I still think the texture of a semi soft clay like ADA AS is better, each grain has some nutrients vs just a layer, the outside of the grain is not leaching after the initial phase and then the plant can access the nutrient via the roots in the soft clay(vs rock).

Regards, 
Tom Barr


Regards, 
Tom Barr


----------



## Left C (Nov 15, 2003)

Thanks, Tom.

I have two other tanks that I will be setting up with Amazonia (original).

If I had to do it all over, all of these aquariums would have Amazonia. The only reason why I went with Black Flourite was because of the variability of each bag of Amazonia. The two 15g aquariums have fish in them now and I was a bit concerned about the ammonia and nitrite levels.

The two other aquariums with Amazonia will be using your "dry start" method.

Thanks a million!
Left C


----------



## marrow (Feb 4, 2007)

I would advise against using osmocote but am interested if anybody has tried it. Despite what its labeling may say, it was designed to be used in pots as part of a nursery where shrubs are grown out and sold as liner stock for other nurseries. It works well in those situations but in my experience of a dozen or so years using the stuff commercially it always broke down well in advance of its intended life. If it was used in a continually submerged state I would be surprised if it lasted more then a month unless they changed the formula.
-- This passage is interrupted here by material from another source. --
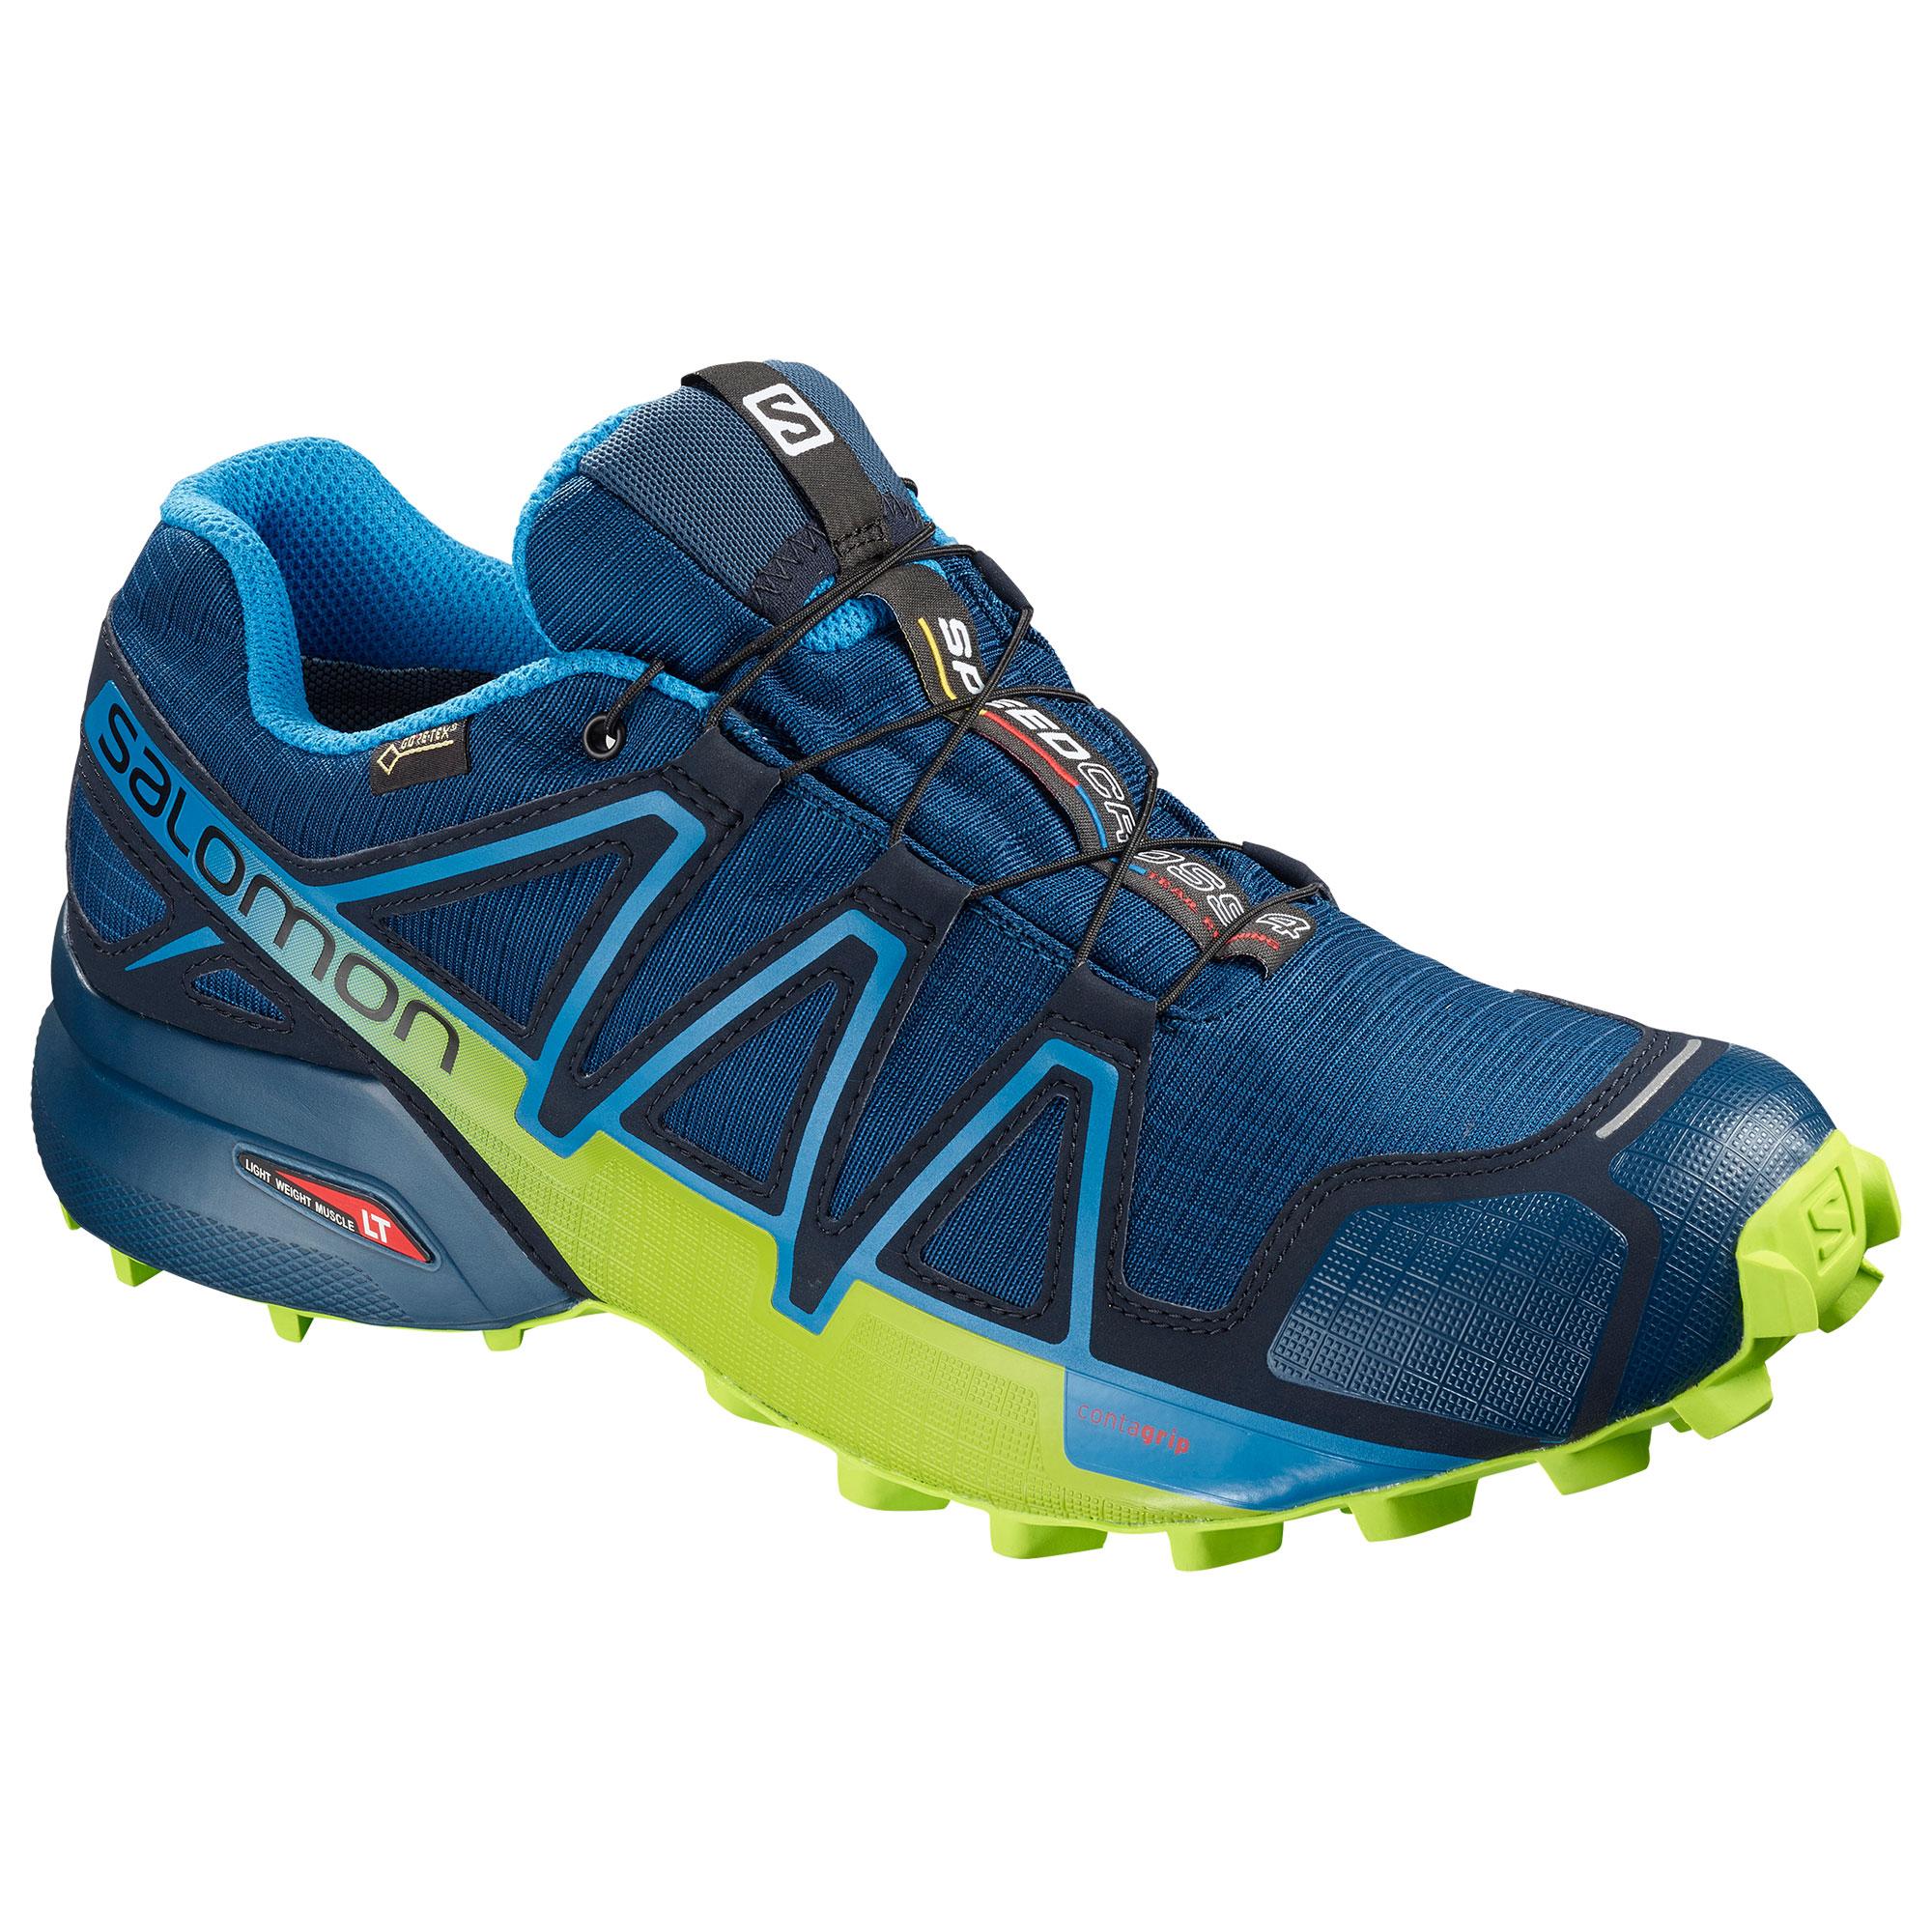 on sale 63ae6 8ca33 Salomon Speedcross 4 GTX Trail Running Shoe - Men's

It also becomes increasing fragile as it approaches the point where it releases its contents and can easily be broken with little force. So when you transplant something or move something in the aquarium A nice sudden jump in ammonia as the pellet breaks may occur. Remember the inside of those pellets is liquid fertilizer. I remember popping them with my fingers after a couple weeks in the pots. So proceed carefully and without fish.


----------



## Green Leaf Aquariums (Feb 26, 2007)

Why not try Aaron T's mineralized soil method?


----------



## Left C (Nov 15, 2003)

Orlando said:


> Why not try Aaron T's mineralized soil method?


I've been following the threads about it. It sounds great, but I've already purchased the Flourite Black and the Amazonia.


----------



## grammypat (Jul 27, 2008)

Just curious. Why are you taking out the eco?


----------



## ColeMan (Mar 9, 2008)

marrow said:


> I would advise against using osmocote but am interested if anybody has tried it. Despite what its labeling may say, it was designed to be used in pots as part of a nursery where shrubs are grown out and sold as liner stock for other nurseries. It works well in those situations but in my experience of a dozen or so years using the stuff commercially it always broke down well in advance of its intended life.
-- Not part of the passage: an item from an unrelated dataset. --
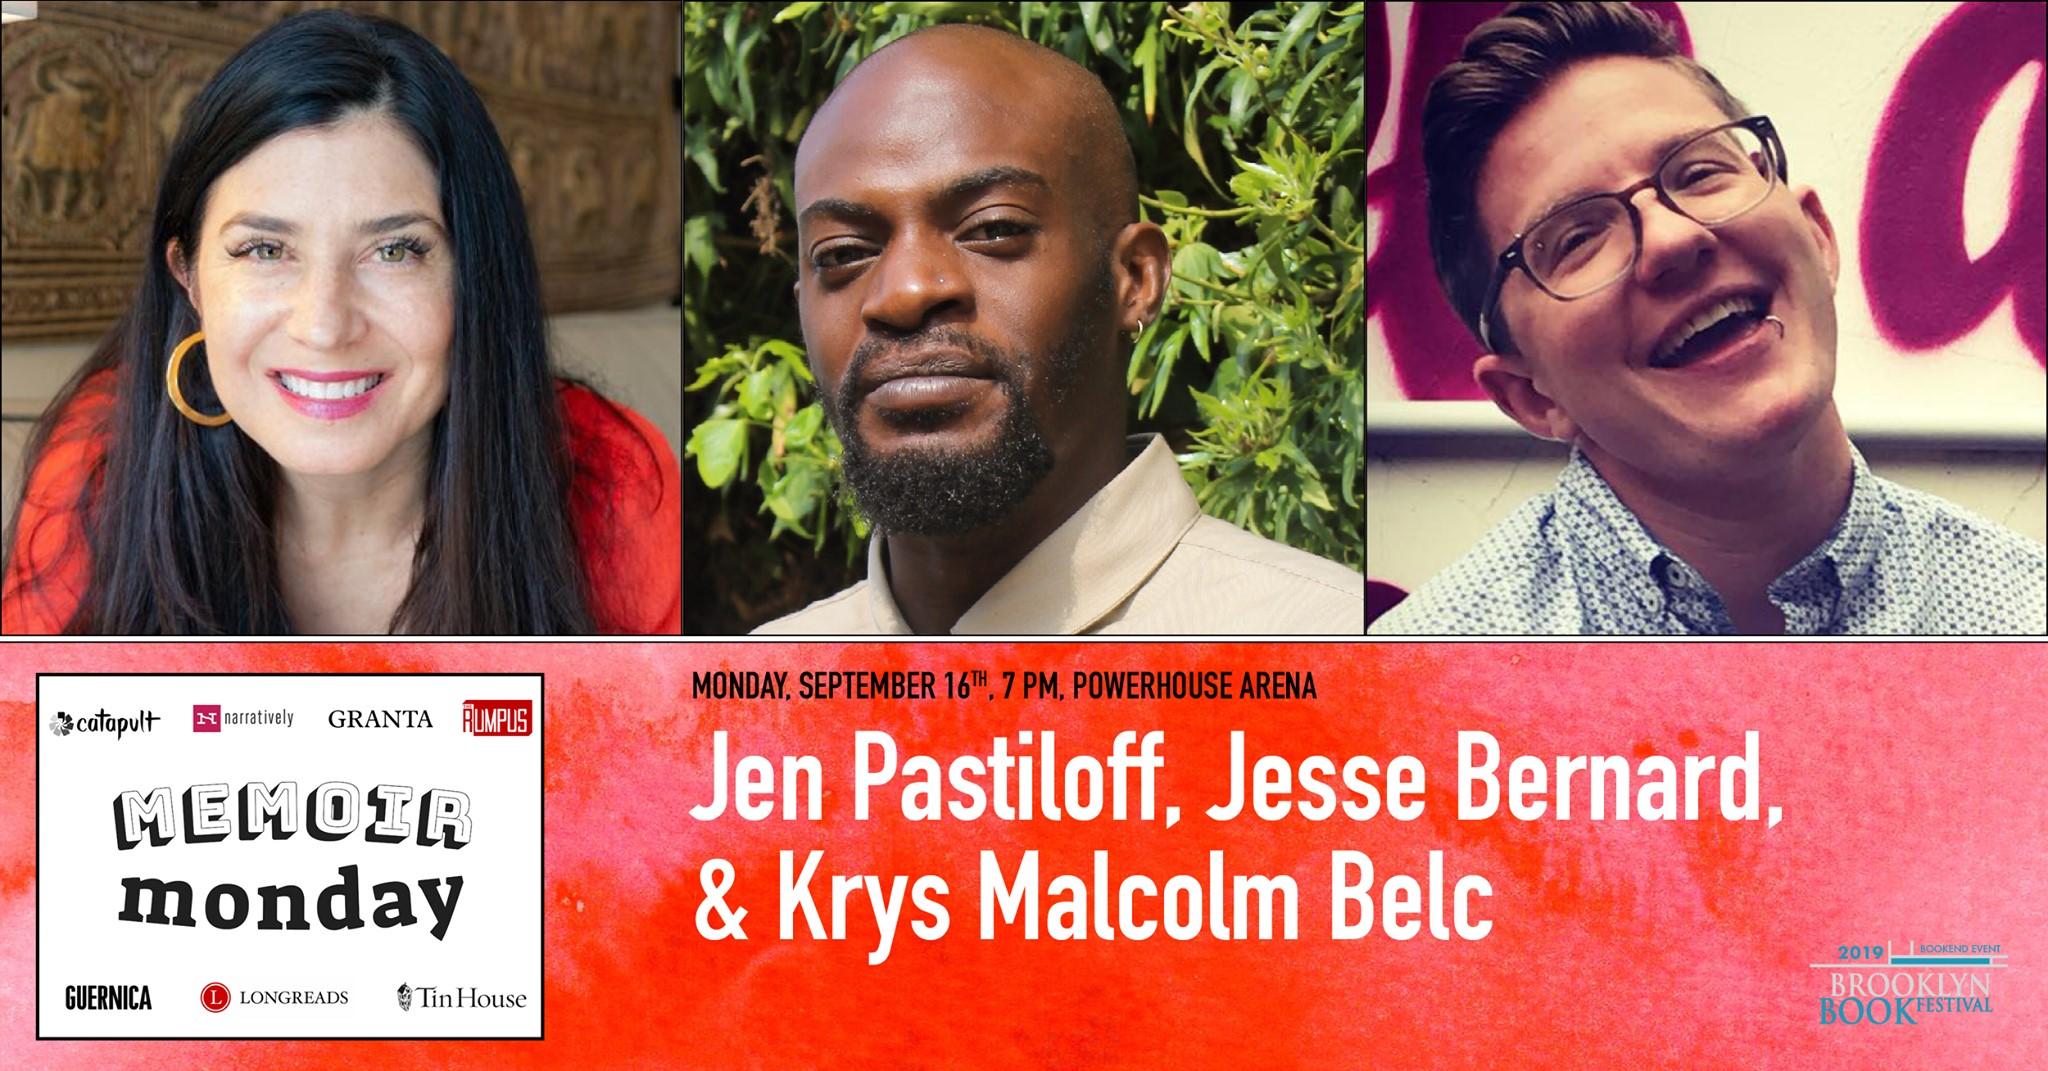 Memoir Monday: Featuring Jennifer Pastiloff, Jesse Bernard & Krys Malcolm Belc (Brooklyn Book Festival Bookends Event)

My osmocote has always maintained through the long haul - as a matter of fact, it's not uncommon for me to find residual osmocote in my beds after the winter has passed and I'm replanting in the spring. There are at least 4 varieties of osmocote that I use/have used, but I haven't ever noticed a difference in their release time. Interestingly enough, however, this year I did notice that my osmocote seemed to not last as long than in years past, and blame it for my begonias stunted growth. 




marrow said:


> If it was used in a continually submerged state I would be surprised if it lasted more then a month unless they changed the formula. It also becomes increasing fragile as it approaches the point where it releases its contents and can easily be broken with little force. So when you transplant something or move something in the aquarium A nice sudden jump in ammonia as the pellet breaks may occur. Remember the inside of those pellets is liquid fertilizer. I remember popping them with my fingers after a couple weeks in the pots. So proceed carefully and without fish.


This is a very, very good point. I remember I told a friend they were snail eggs one time (really freaked her out)...


----------



## Left C (Nov 15, 2003)

grammypat said:


> Just curious. Why are you taking out the eco?


The E-C is around 6 years old. It is still working fine, but there are many empty MTS shells around.


----------